Batalha contra o streaming Cineastas europeus assinam manifesto para reivindicar proteção contra a política expansionista de serviços como a Netflix

Publicação: 23/05/2017 03:00

Importantes cineastas europeus, incluindo Michael Haneke (Áustria), Wim Wenders (Alemanha), os irmãos Dardenne (Bélgica), Stephen Frears (Reino Unido) e os espanhóis Fernando Trueba e Alejandro Amenábar assinaram ontem um manifesto em favor do cinema europeu contra os gigantes da internet.

Coincidindo com o Festival de Cannes, onde a seleção em competição de dois filmes da Netflix despertou grande polêmica, os signatários afirmam que é “mais urgente do que nunca manter a territorialidade dos direitos, porque serve para estruturar e assegurar o elevado nível de financiamento de obras na Europa, especialmente no caso das indústrias cinematográficas mais frágeis”.

O texto se alinha a posicionamentos adotados em Cannes contrários à estratégia da Netflix de exibir o filme no festival e ignorar as salas de cinema antes de oferecê-lo via streaming. Pressionada em 2017, a organização decidiu barrar das próximas edições as produções cujo cronograma de projeção despreza o circuito cinematográfico. O presidente do júri, o cineasta Pedro Almodóvar, se mostrou desconfortável em premiar com a Palma de Ouro um longa-metragem destinado somente à plataforma online. “Seria um paradoxo”, afirmou na abertura.

À revista Variety, o diretor de conteúdo da Netflix, Ted Sarandos, considerou “menos atrativo” um retorno a Cannes após a exigência de exibição nos cinemas por ferir o princípio do serviço de streaming de disponibilizar as obras aos assinantes. A plataforma levou à Riviera Francesa dois filme para disputar a Palma de Ouro: Okja e The Meyerowitz stories.

O manifesto assinado pelos cineastas alertam para a necessidade da criação de mecanismos de proteção à autonomia artística em relação ao poder financeiro das gigantes multinacionais - representadas atualmente na Netflix e na Amazon. “Deve ser consolidado e reforçado o direito dos autores a viver de sua arte para que possam continuar criando.
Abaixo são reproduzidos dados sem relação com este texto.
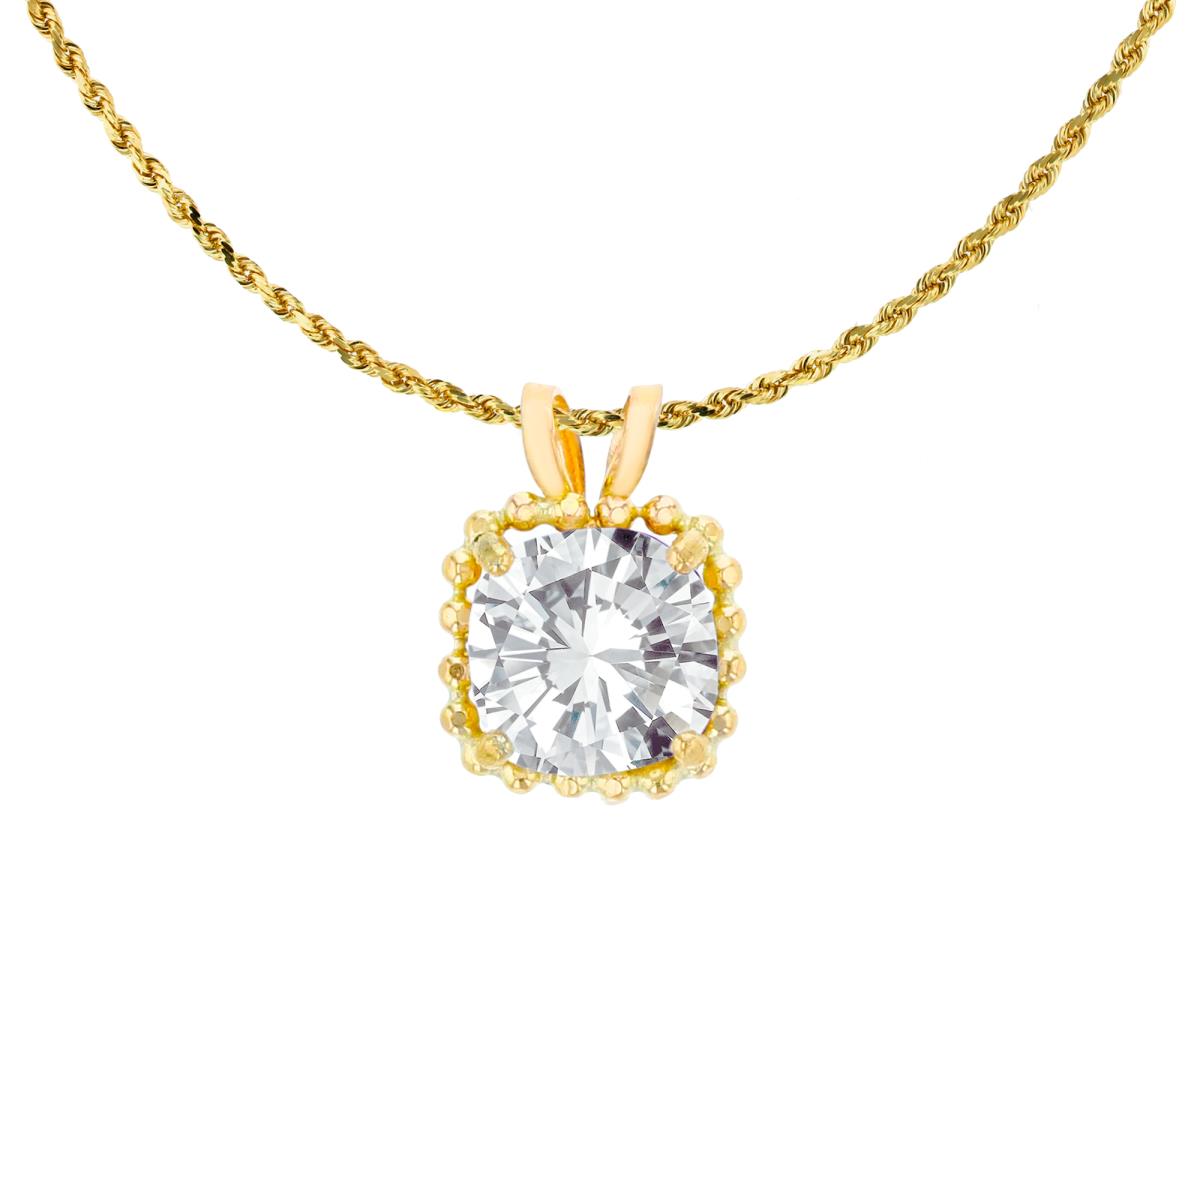 10K Yellow Gold 6mm Cushion Cut White Topaz Bead Frame Rabbit Ear 18" Rope Chain Necklace
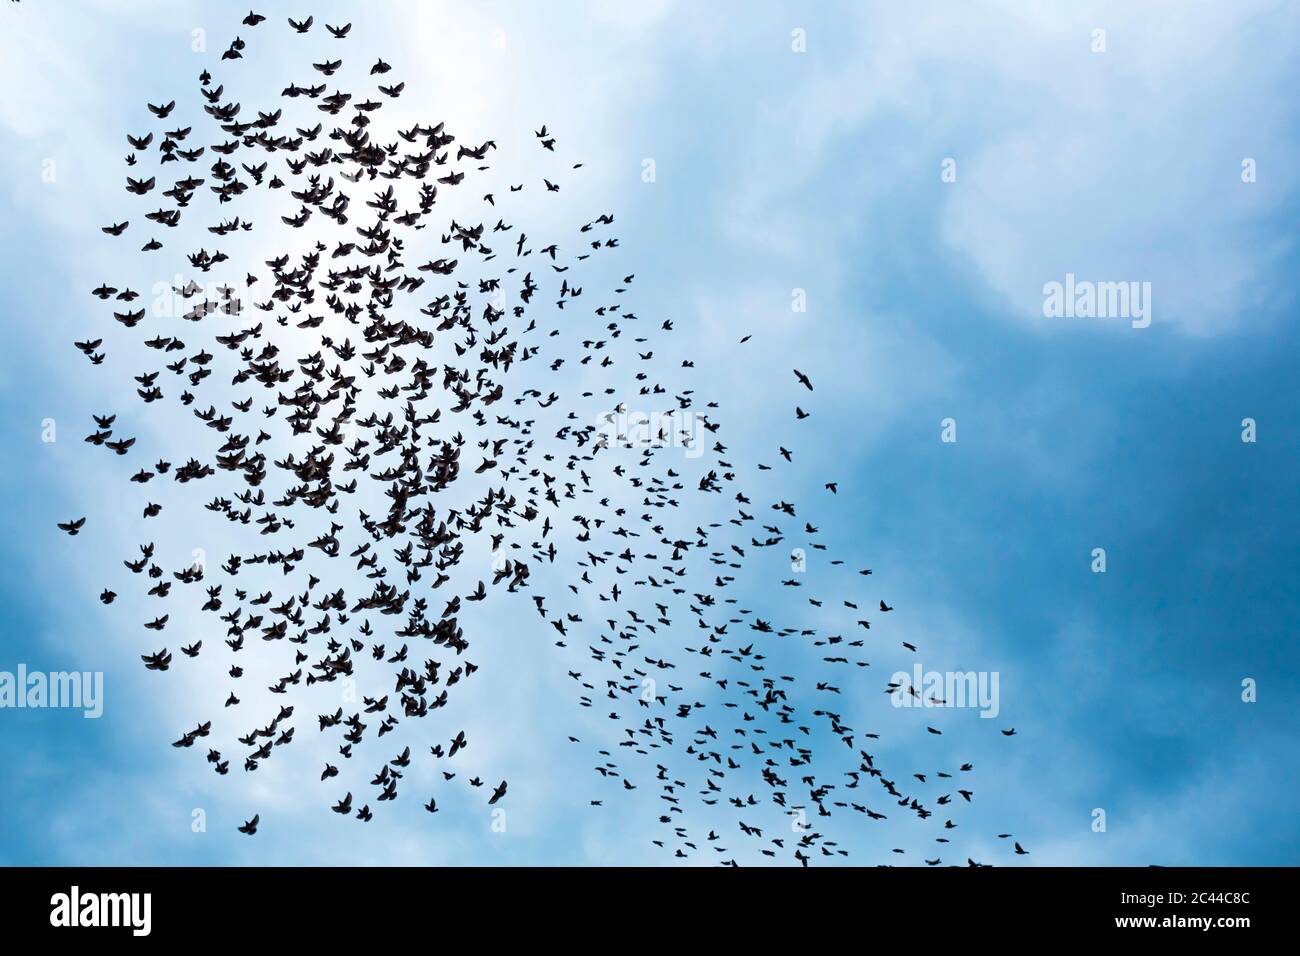 Georgia, Low angle view of flock of birds flying against sky Stock Photo

A integração dos gigantes da Internet na economia criativa europeia é determinante para o futuro do cinema”, diz o texto.

Os cineastas consideram que “a Europa deve definir uma meta e assegurar as condições de um jogo competitivo mais justo e sustentável entre todos aqueles que difundem nossas obras”. “Há muita coisa em jogo, mas o desafio é formidável: nos unirmos - atores políticos, criadores e cidadãos - para redesenhar e reconstruir uma política cultural exigente e ambiciosa, adaptada ao ambiente digital, a sua economia e as suas aplicações, que coloque em valor as obras e situe os criadores no epicentro da ação”, concluem.

Paolo Sorrentino (Itália), Pablo Berger, Montxo Armendáriz, Iciar Bollain, Fernando Colomo, José Luis Cuerda (Espanha), Costa Gavras, Michel Hazanavicius, Bertrand Tavernier (França), Cristian Mungiu (Romênia) e Volker Schlöndorff (Alemanha), entre outros cineastas, se juntaram ao apelo, publicado durante a realização do Festival de Cannes, o maior festival de cinema do mundo.

De volta
O ex-vice-presidente americano Al Gore voltou a Cannes ontem com um filme exibido em caráter hors-concours, década após o sucesso em apresentar a primeira parte do documentário em defesa do meio ambiente. Em 2006, Uma verdade inconveniente contribuiu para conscientizar sobre a urgência de agir contra o aquecimento global. Nos EUA, tornou-se o terceiro documentário mais visto nos cinemas e levou um Oscar. Em 2017, o impacto climático é mais evidente, mas os meios para agir também são mais importantes: Uma verdade mais inconveniente mostra o caminho percorrido e quer dar uma visão positiva.